EXERCISE DATA>

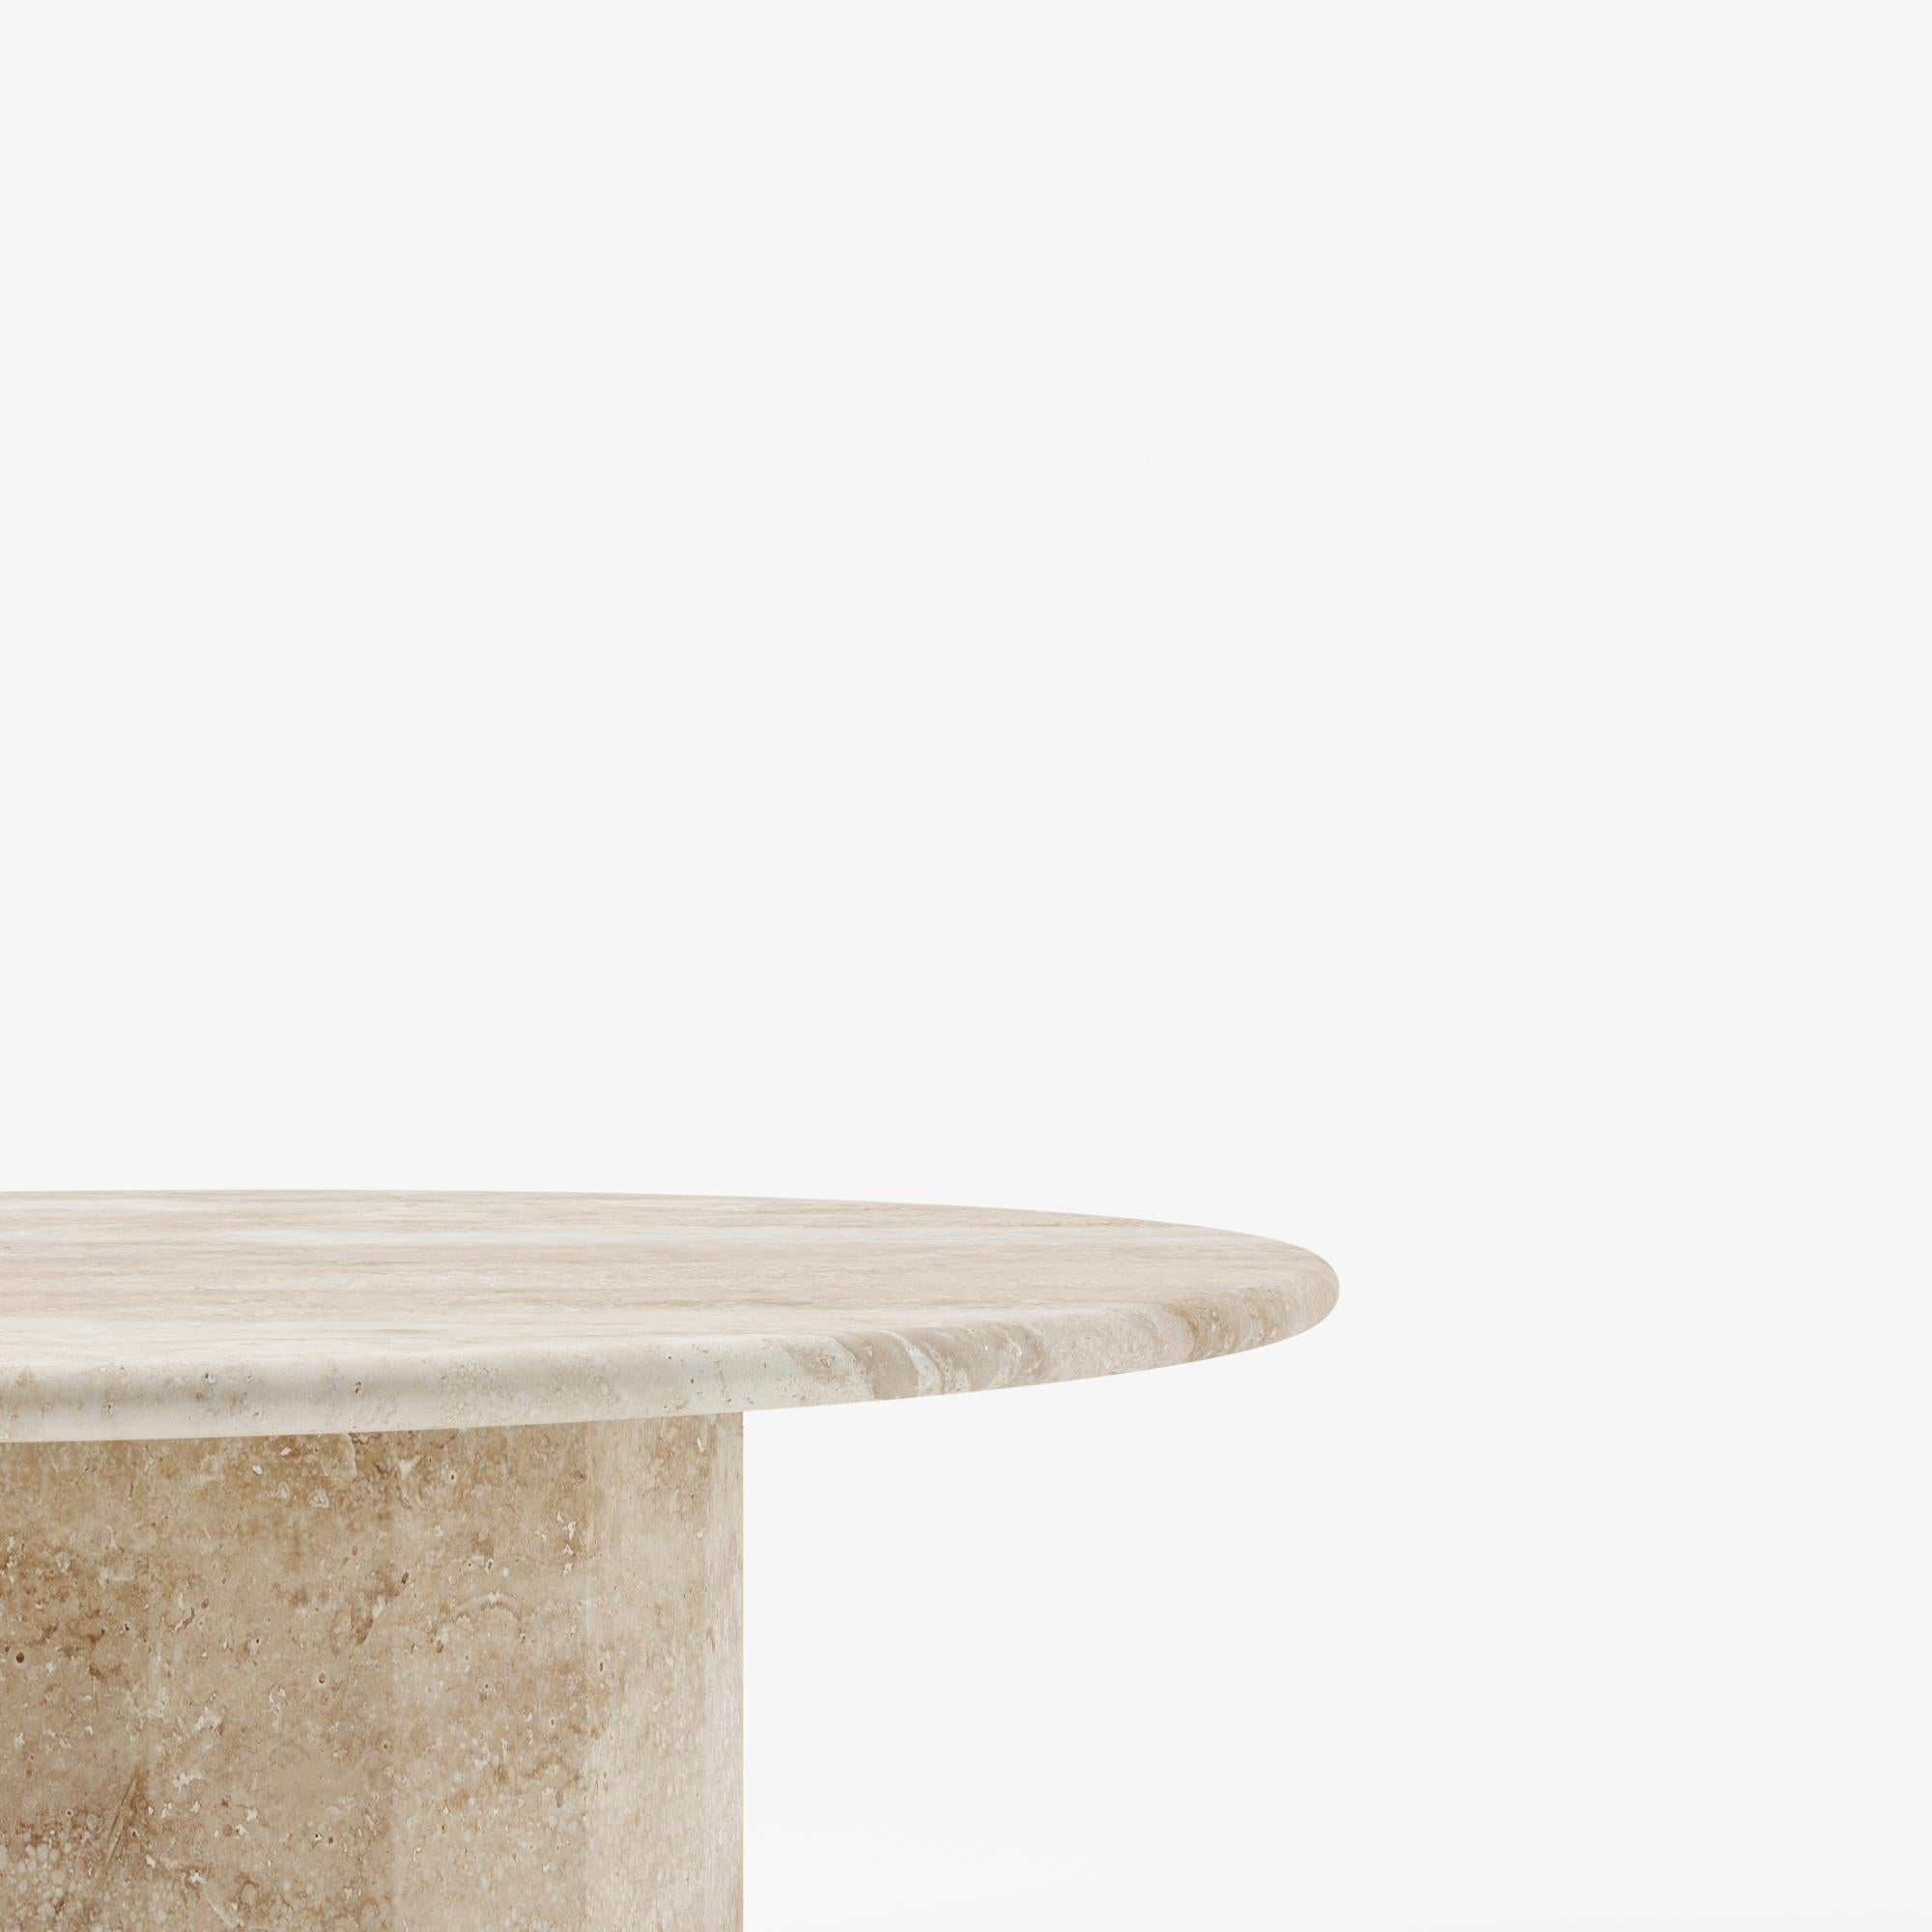 The Ashby Travertine round coffee table is evidence of Lemon’s journey into increasing simplicity. With a design cued entirely by honed and filled Travertine, its round slim top is countered by a strong faceted base – an intentional and definitive
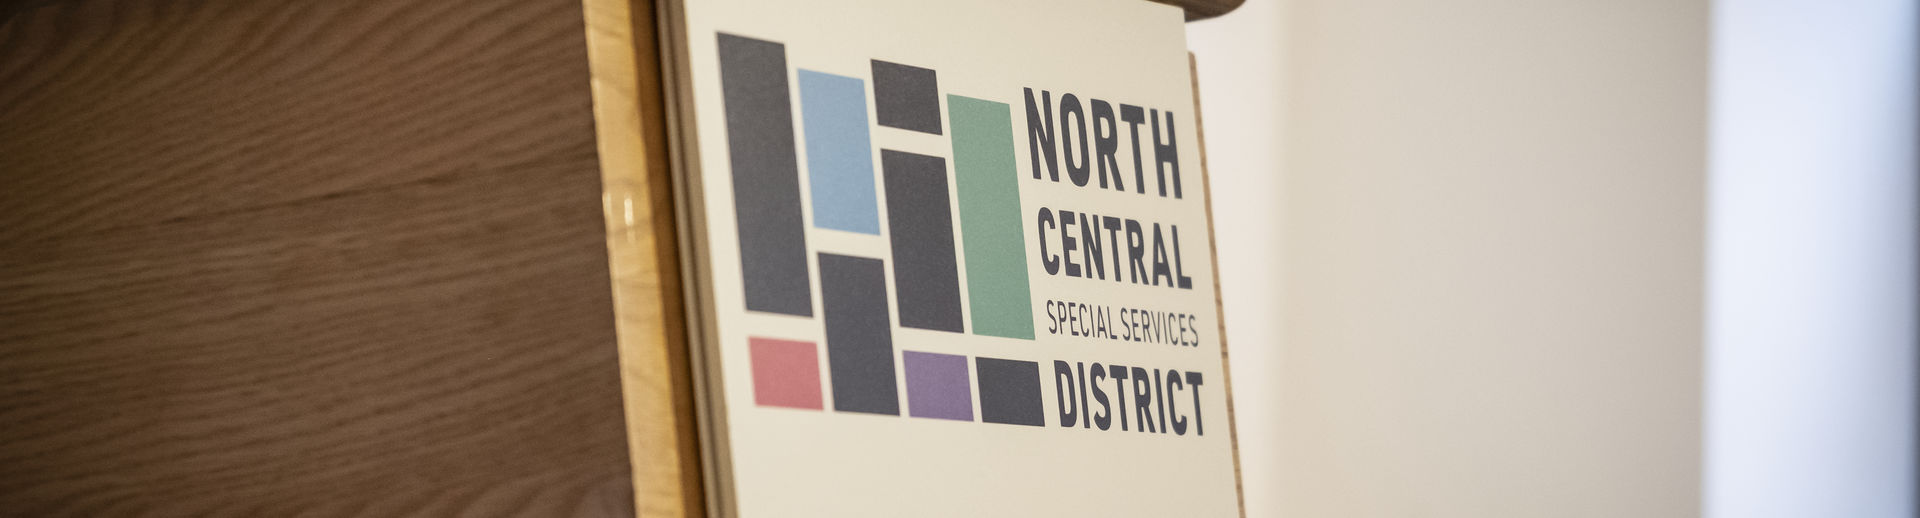 The North Central Special Services District signage on the front of a podium.
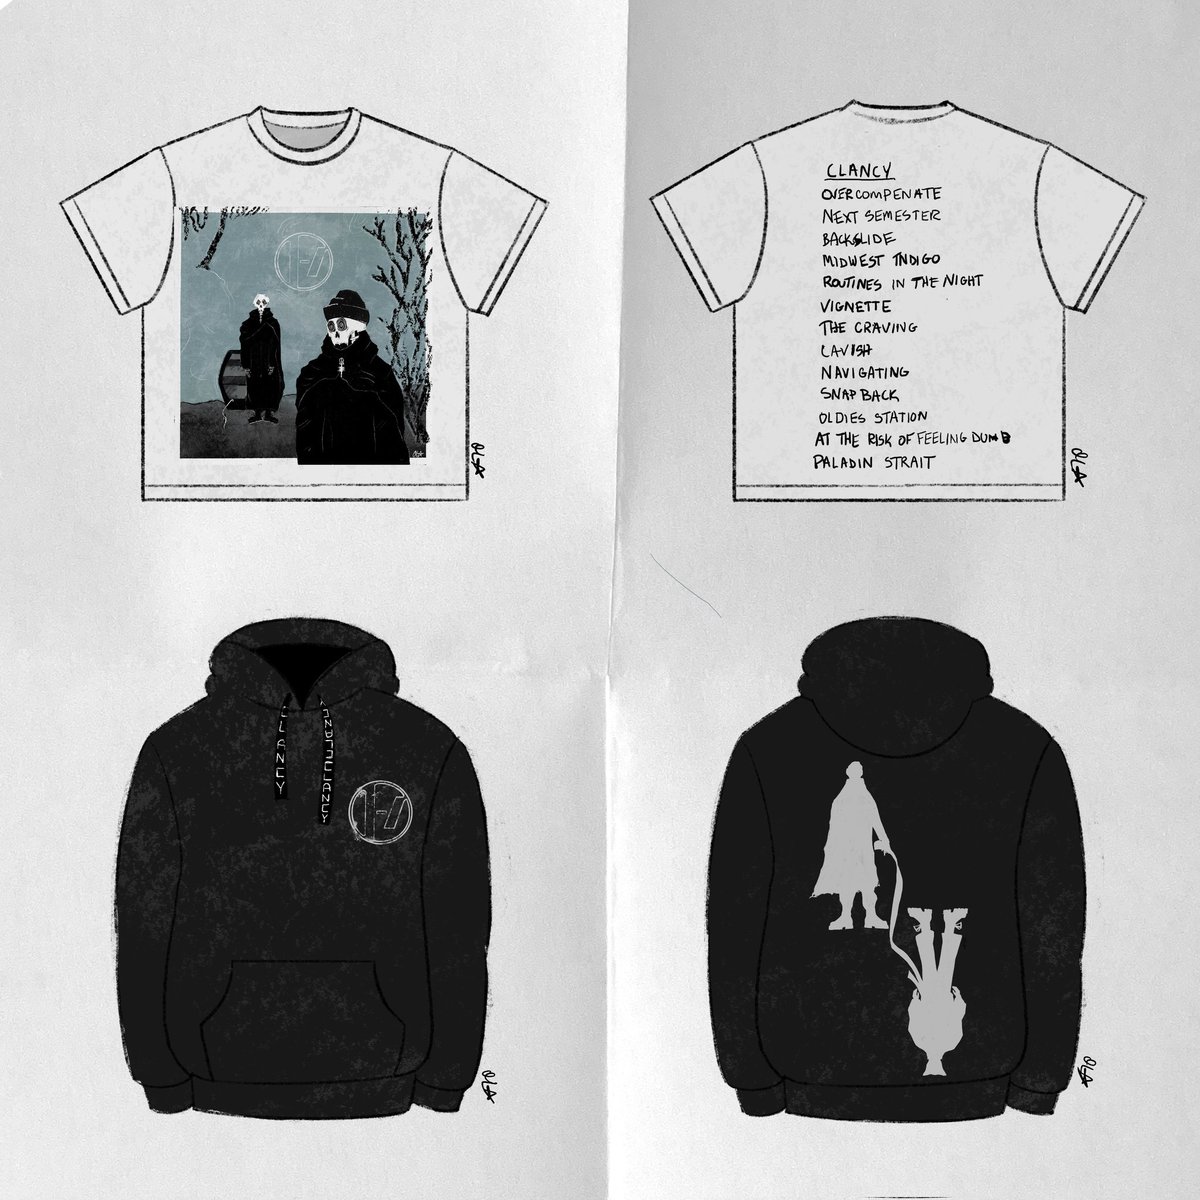 I made these merch designs for fun, feel free to use these ideas in the future merch!! (and pay me) [@twentyonepilots @tylerrjoseph #cliqueart #twentyonepilots]
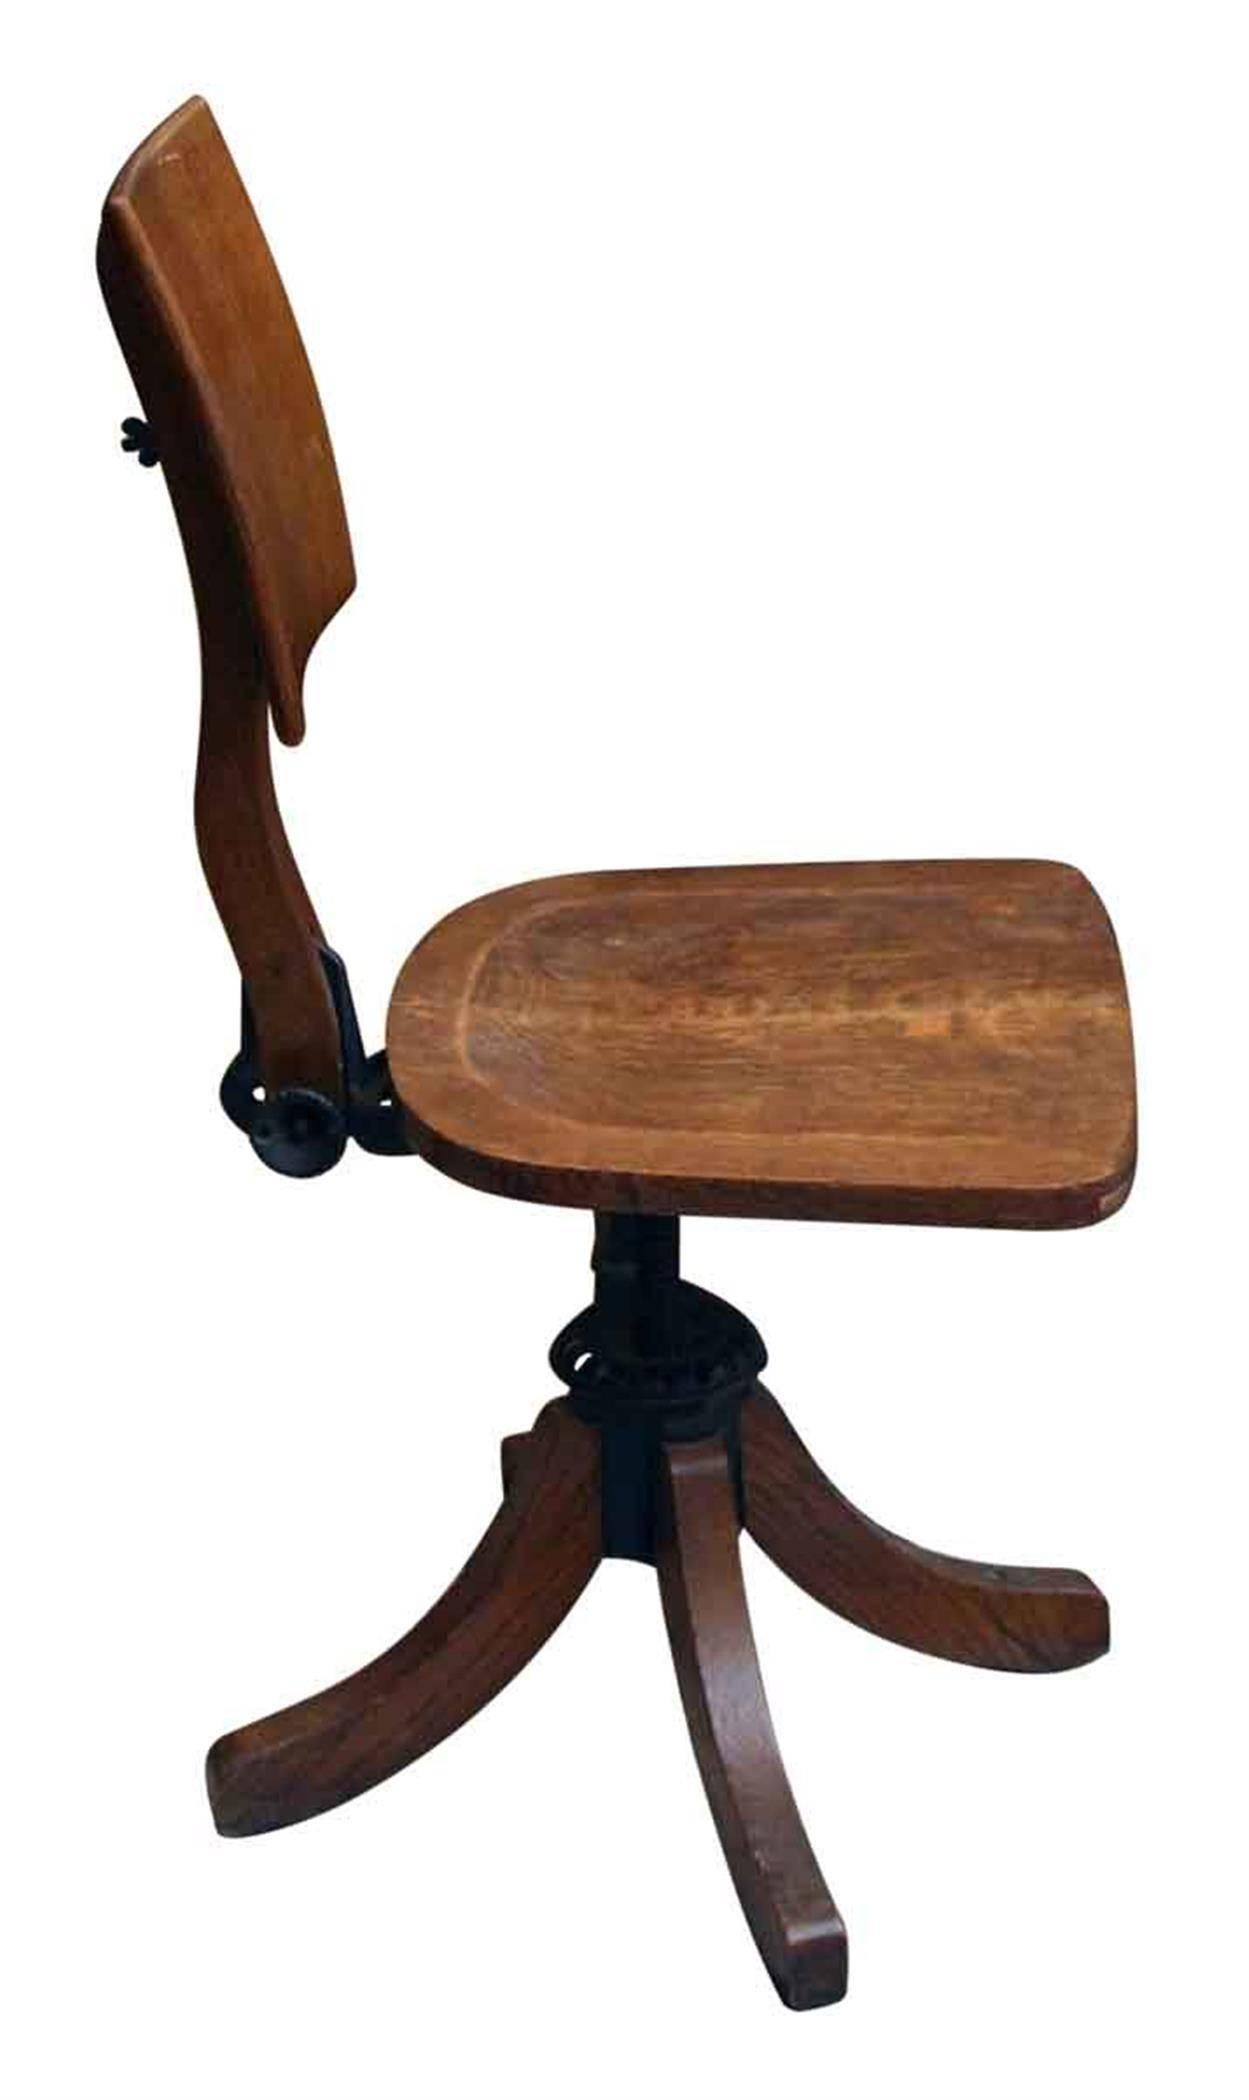 1920s dark wood tone oak office chair with a unique back and adjustable settings. This can be seen at our 5 East 16th St location on Union Square in Manhattan.

BRIEF> From the listing above, please give again the lines that begin with the line holding "The North Central" and go on through the line holding "I made these", exactly, both ends included, minus any picture.

TASK OUTPUT>
 The North Central Special Services District signage on the front of a podium.
 I made these merch designs for fun, feel free to use these ideas in the future merch!! (and pay me) [@twentyonepilots @tylerrjoseph #cliqueart #twentyonepilots]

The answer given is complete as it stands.